Data for this exercise –
=-=-=

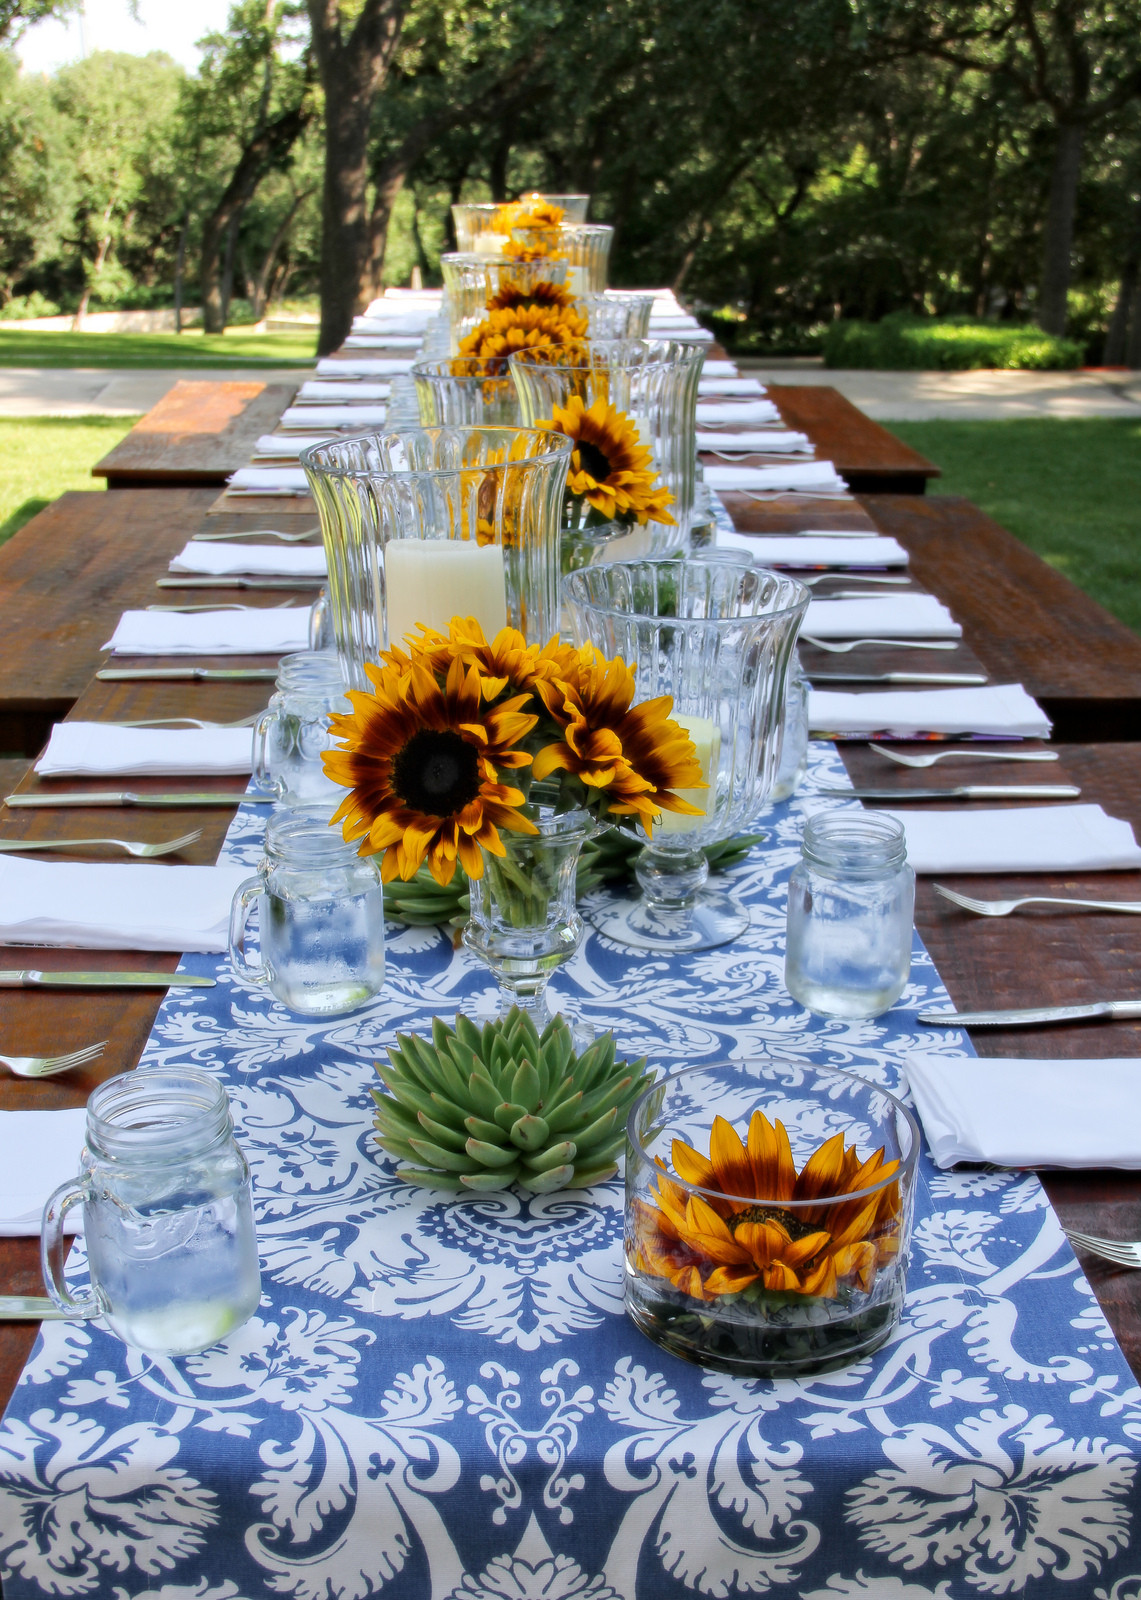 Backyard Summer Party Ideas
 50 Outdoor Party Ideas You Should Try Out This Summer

=-=-=

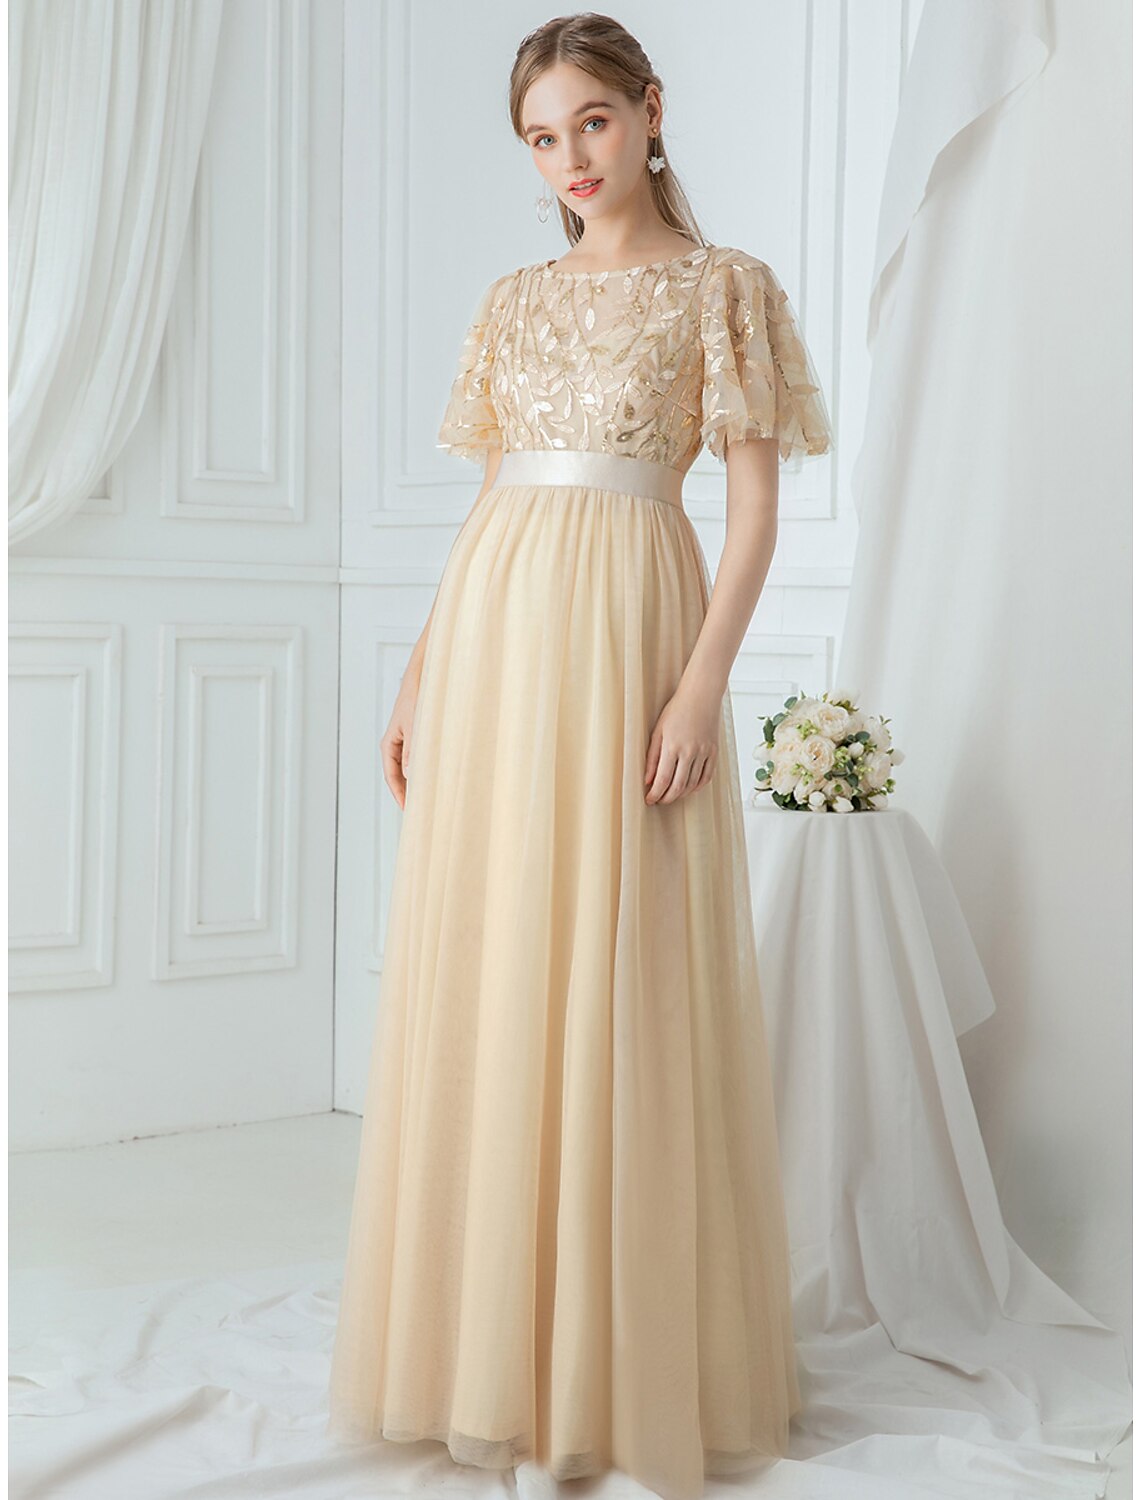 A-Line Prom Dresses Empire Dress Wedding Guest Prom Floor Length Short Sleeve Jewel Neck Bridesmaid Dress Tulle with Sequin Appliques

=-=-=

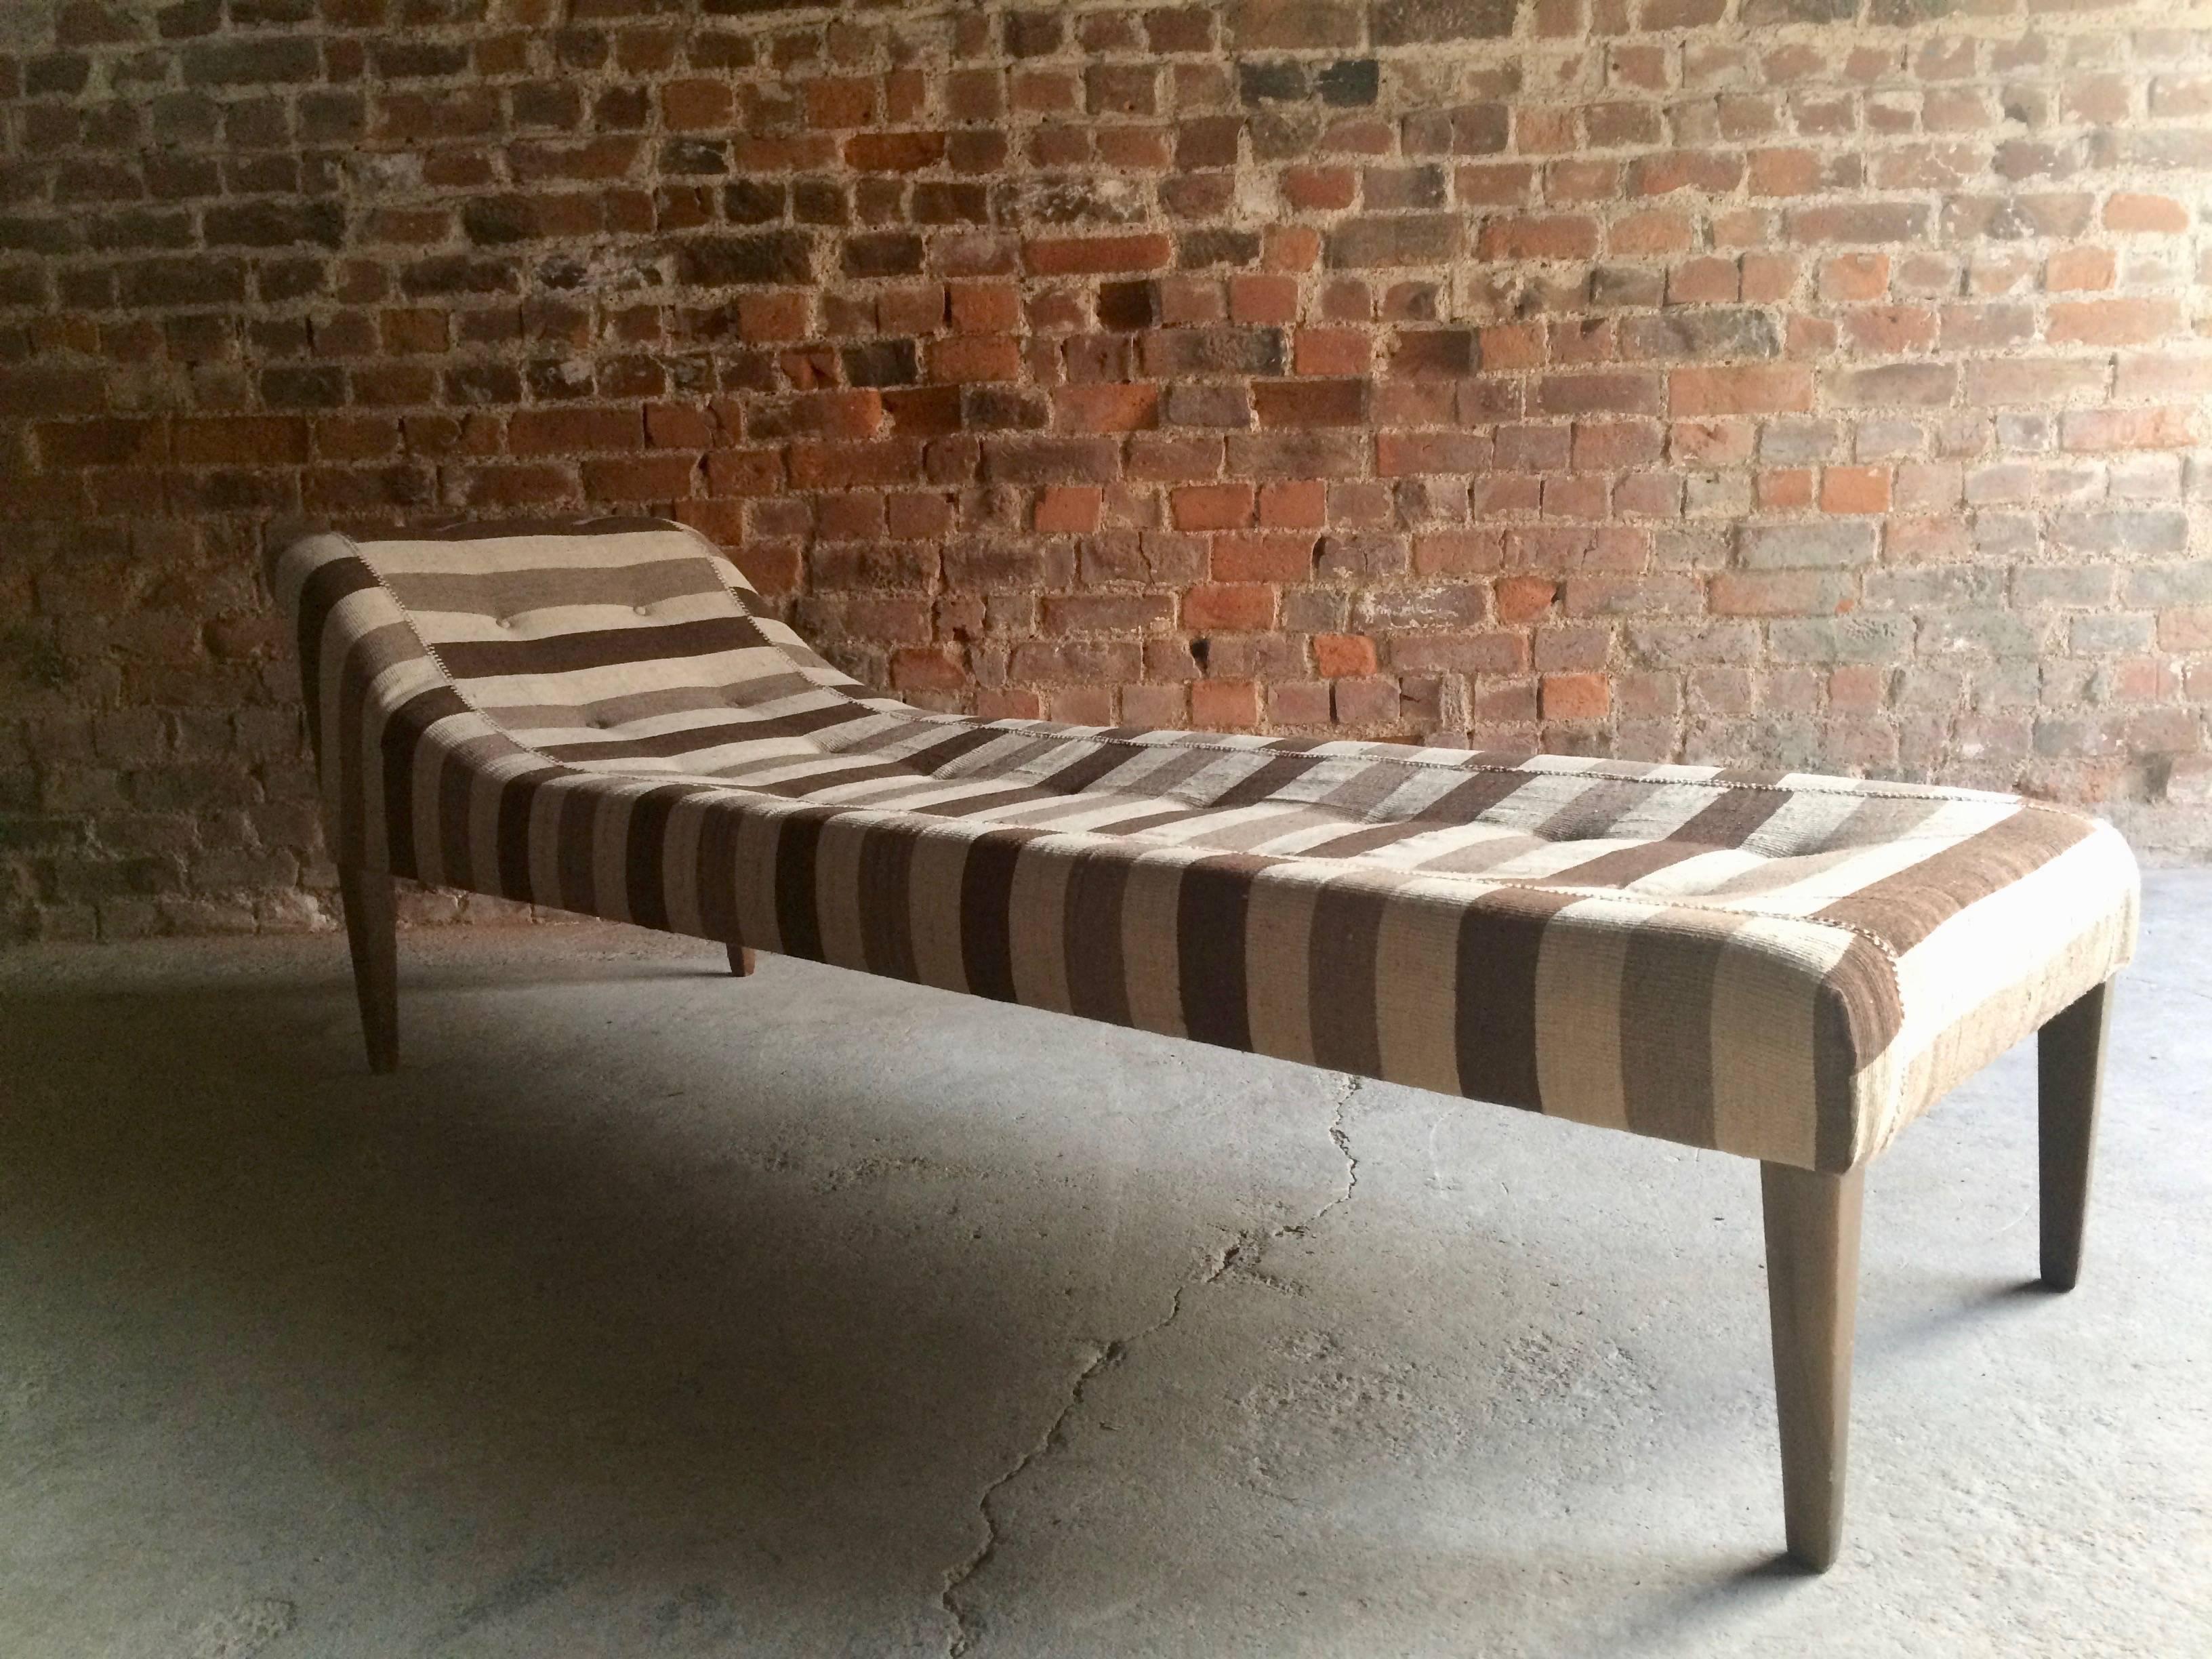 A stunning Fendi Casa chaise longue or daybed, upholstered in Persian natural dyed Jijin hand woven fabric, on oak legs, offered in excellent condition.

=-=-=

Instructions to follow –
Reproduce, exactly and only, the lines of the records above starting at the line with "Backyard Summer Party Ideas" and ending at the line with "50 Outdoor Party", both included. Leave every picture out.

Result for this task –
 Backyard Summer Party Ideas
 50 Outdoor Party Ideas You Should Try Out This Summer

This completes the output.